**Exercise goal:** Return the data exactly, without pictures.

**Dataset section:**
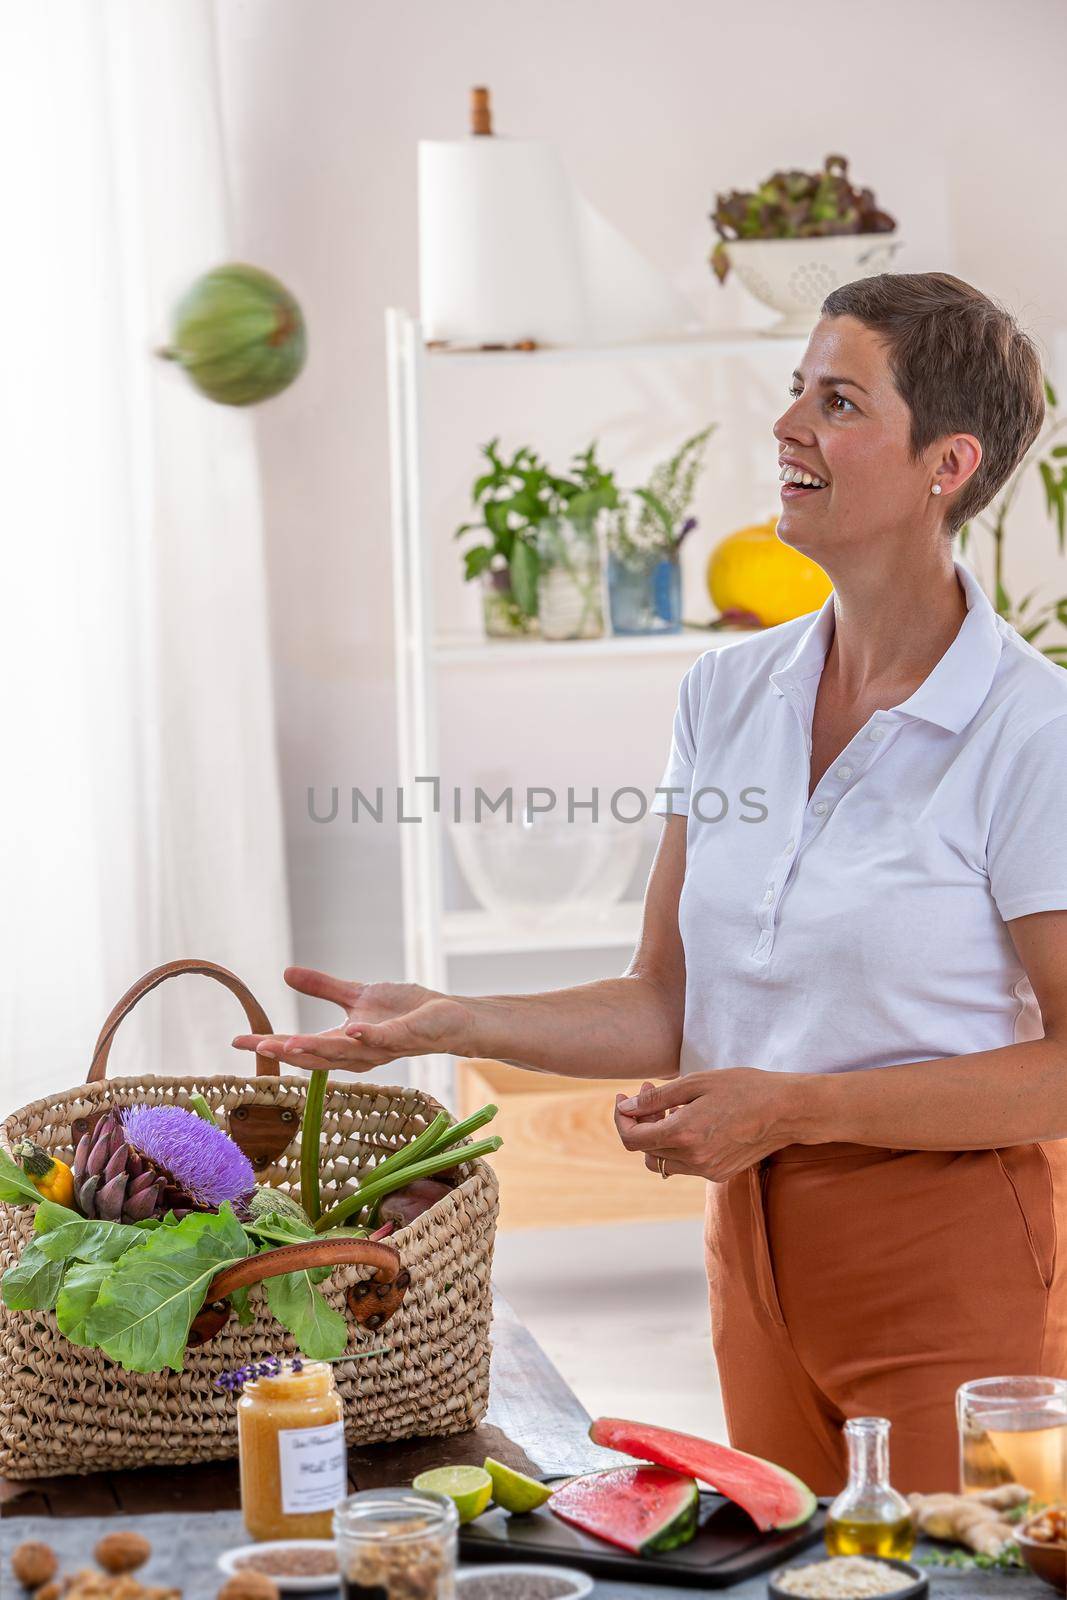 The woman plays with the round zucchini by throwing it into the air.
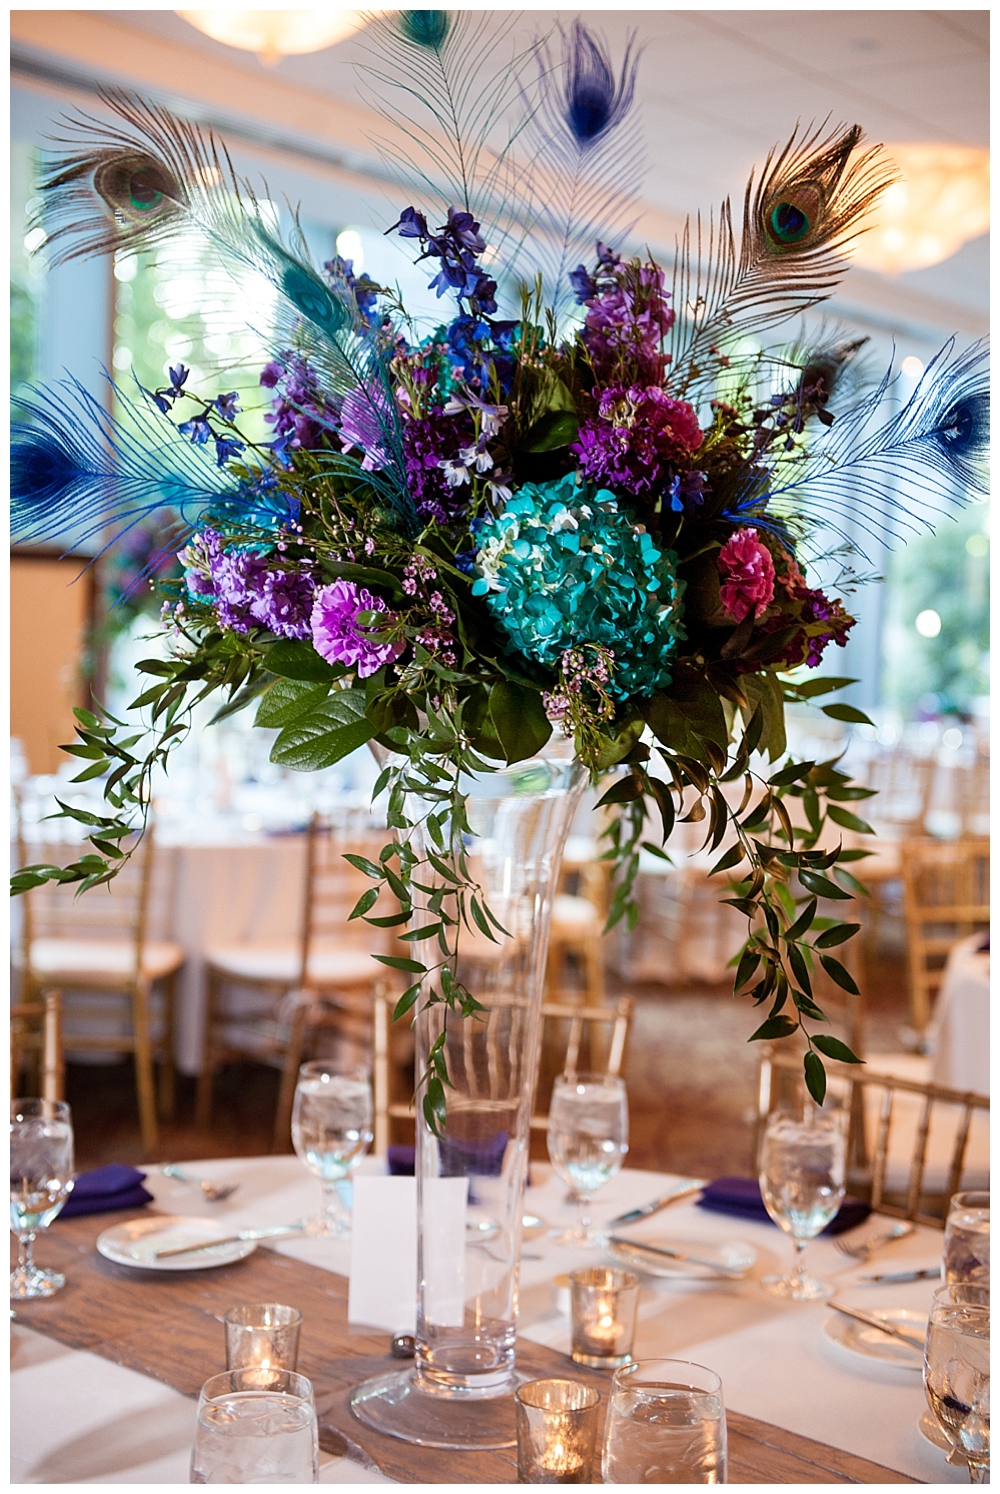 wedding reception tables with blue and purple centerpieces
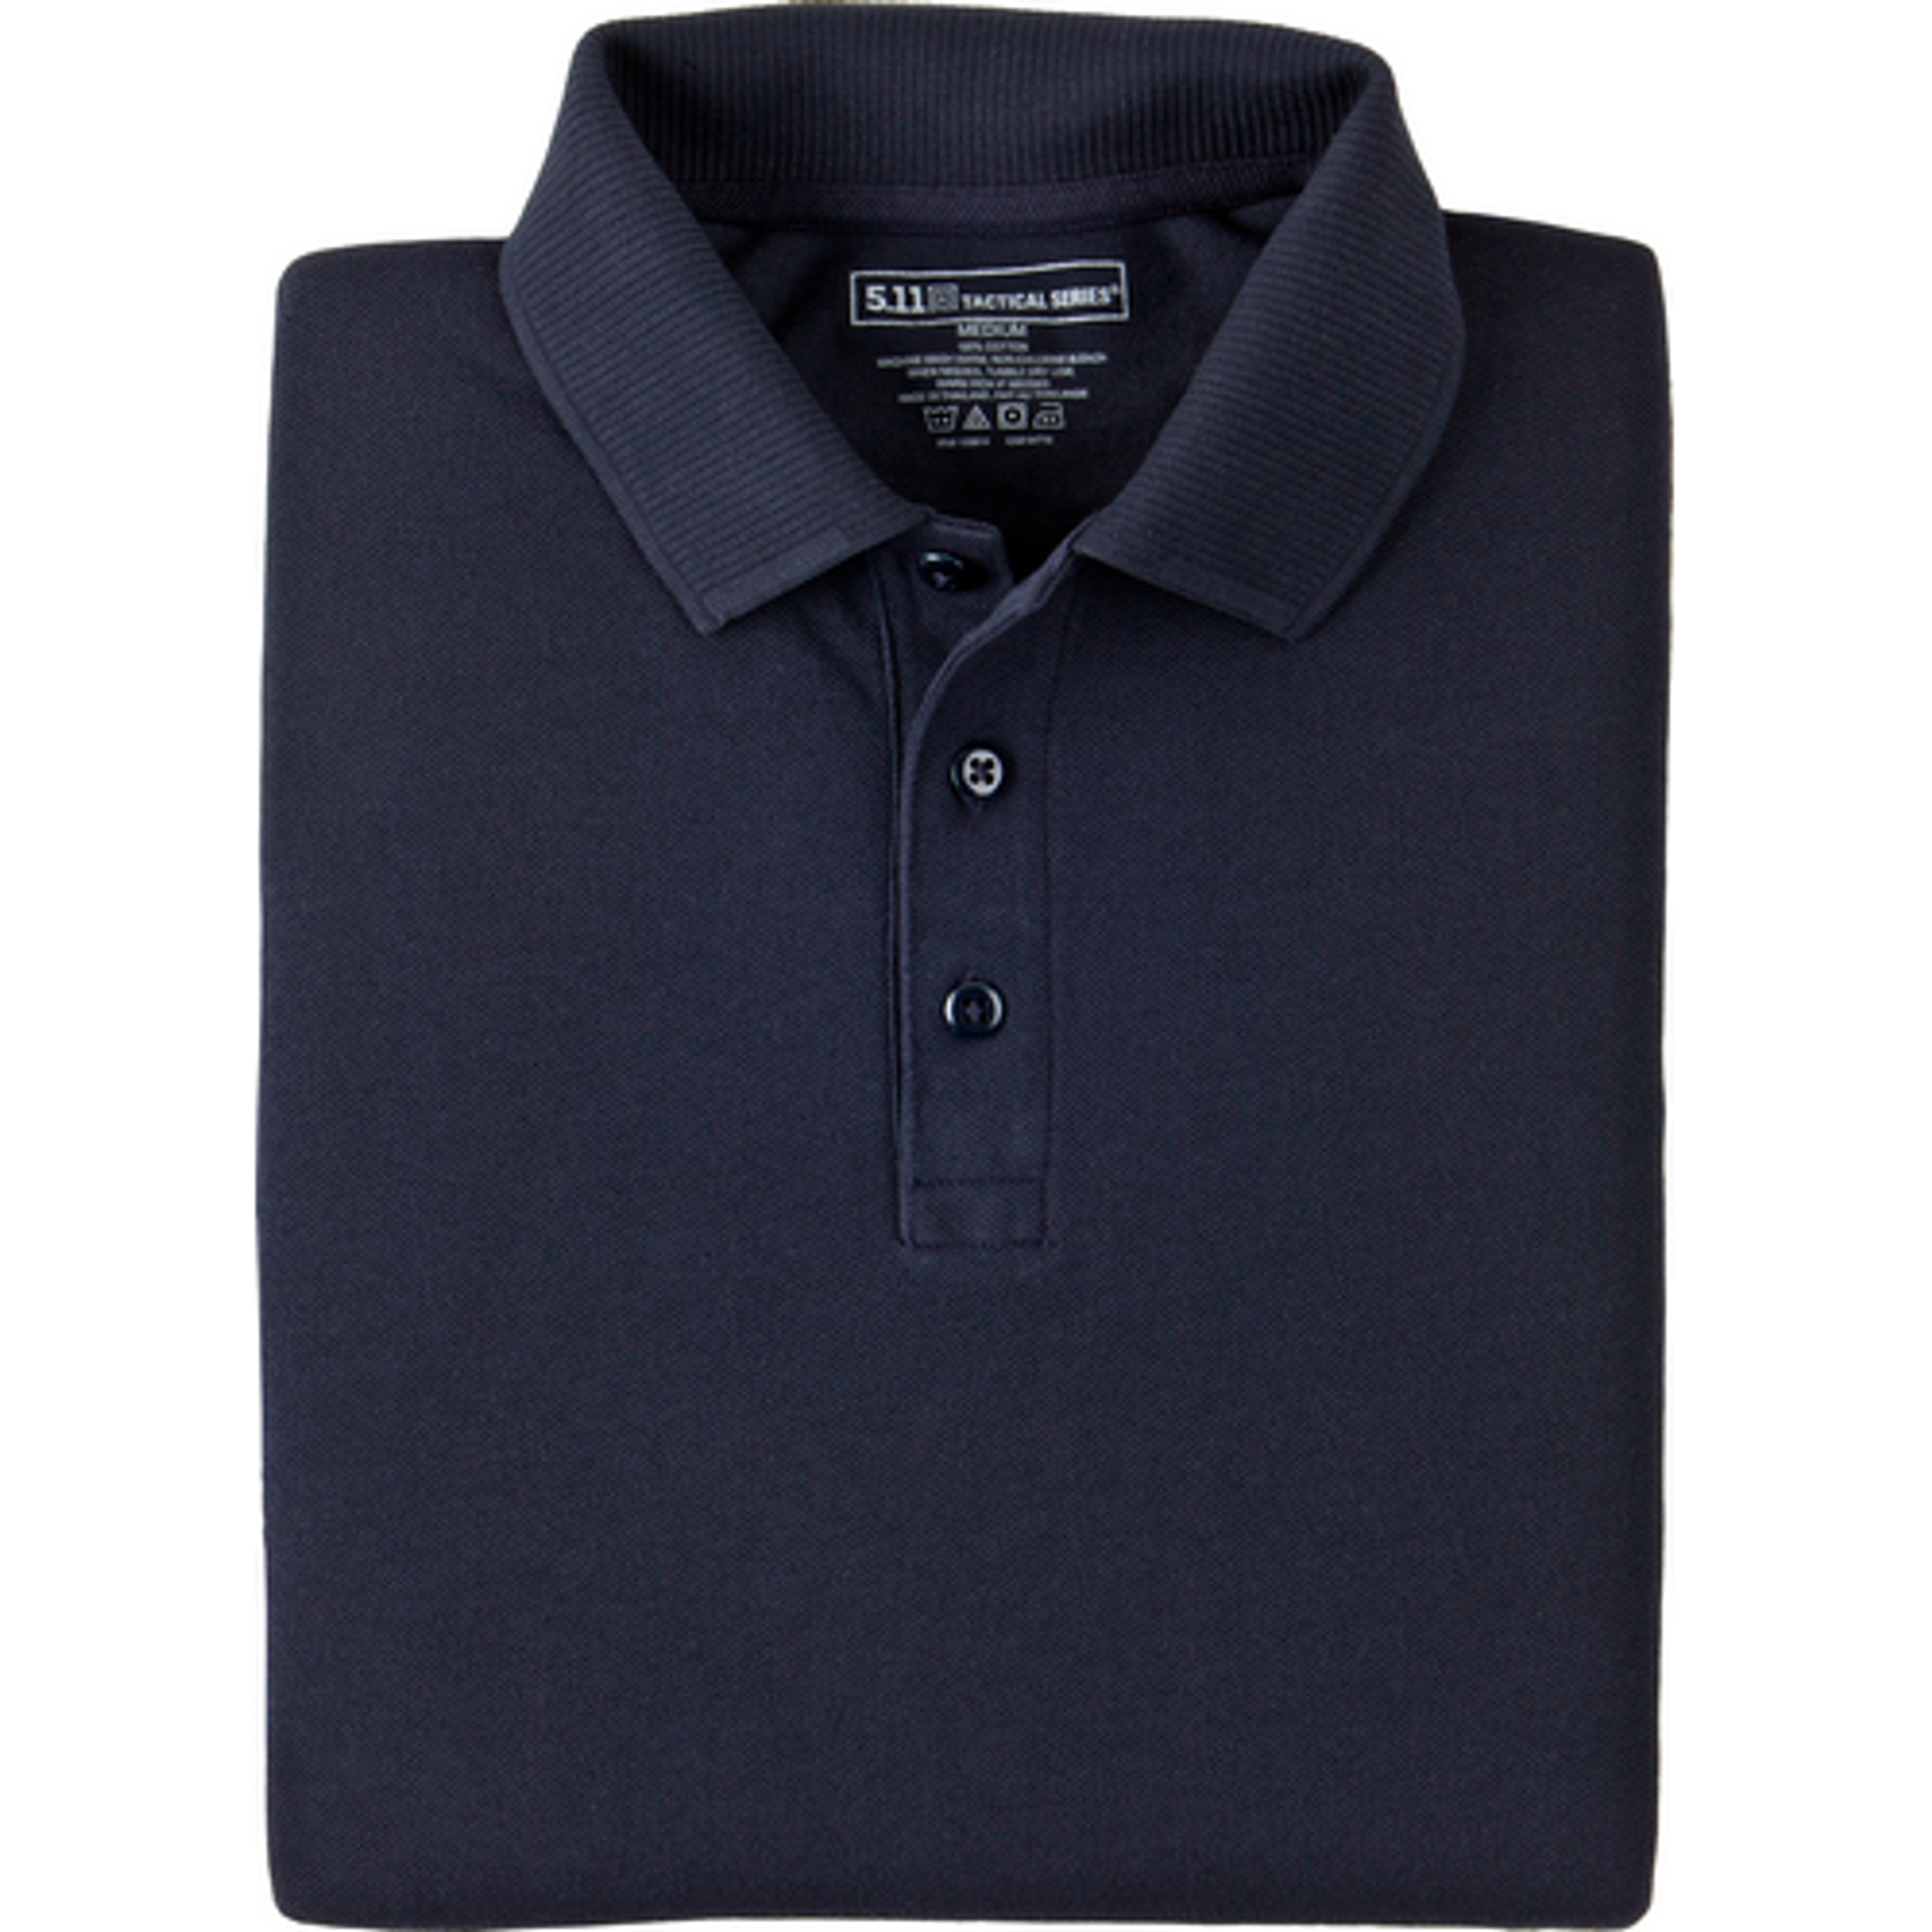 Professional S/s Polo - KR5-41060724XL

**Output of the exercise:**
 The woman plays with the round zucchini by throwing it into the air.
 wedding reception tables with blue and purple centerpieces
 Professional S/s Polo - KR5-41060724XL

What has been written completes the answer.